This article presents a method for learning well-coordinated Human-Robot Interaction (HRI) from Human-Human Interactions (HHI). We devise a hybrid approach using Hidden Markov Models (HMMs) as the latent space priors for a Variational Autoencoder to model a joint distribution over the interacting agents. We leverage the interaction dynamics learned from HHI to learn HRI and incorporate the conditional generation of robot motions from human observations into the training, thereby predicting more accurate robot trajectories. The generated robot motions are further adapted with Inverse Kinematics to ensure the desired physical proximity with a human, combining the ease of joint space learning and accurate task space reachability. For contact-rich interactions, we modulate the robot's stiffness using HMM segmentation for a compliant interaction. We verify the effectiveness of our approach deployed on a Humanoid robot via a user study. Our method generalizes well to various humans despite being trained on data from just two humans. We find that Users perceive our method as more human-like, timely, and accurate and rank our method with a higher degree of preference over other baselines.

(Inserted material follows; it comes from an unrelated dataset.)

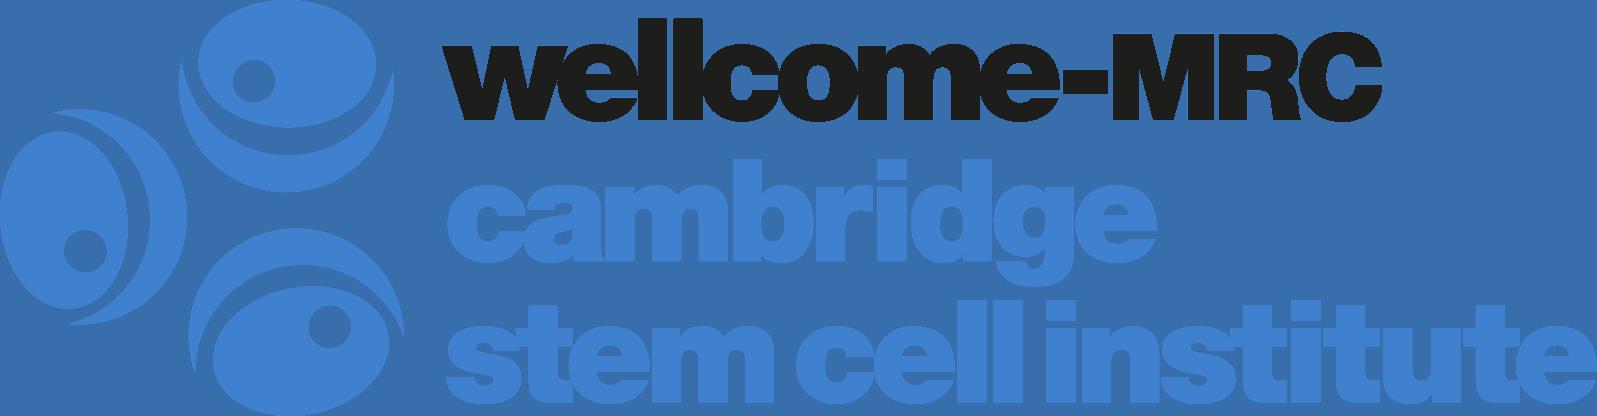 Cambridge Rare Disease Network - RAREfest | Exhibit - Wellcome MRC Cambridge Stem Cell Institute 1

翻译：本文提出了一种从人人交互中学习协调良好的人机交互的方法。我们设计了一种混合方法，将隐马尔可夫模型作为变分自编码器的潜在空间先验，以建模交互智能体之间的联合分布。通过利用从人人交互中学到的交互动力学，我们学习人机交互，并将基于人类观测的机器人运动条件生成融入训练过程，从而预测更准确的机器人轨迹。生成的机器人运动进一步通过逆运动学进行适配，以确保与人类保持所需的物理邻近性，从而结合了关节空间学习的简便性与任务空间可达性的精确度。对于接触密集型交互，我们利用隐马尔可夫模型分割来调节机器人刚度，以实现柔顺交互。通过在类人机器人上部署并进行用户研究，我们验证了所提方法的有效性。尽管仅基于两个人的数据进行训练，该方法仍能很好地泛化到不同人类用户。用户认为我们的方法更类人、更及时、更准确，并且与其他基线方法相比，更倾向于选择我们的方法。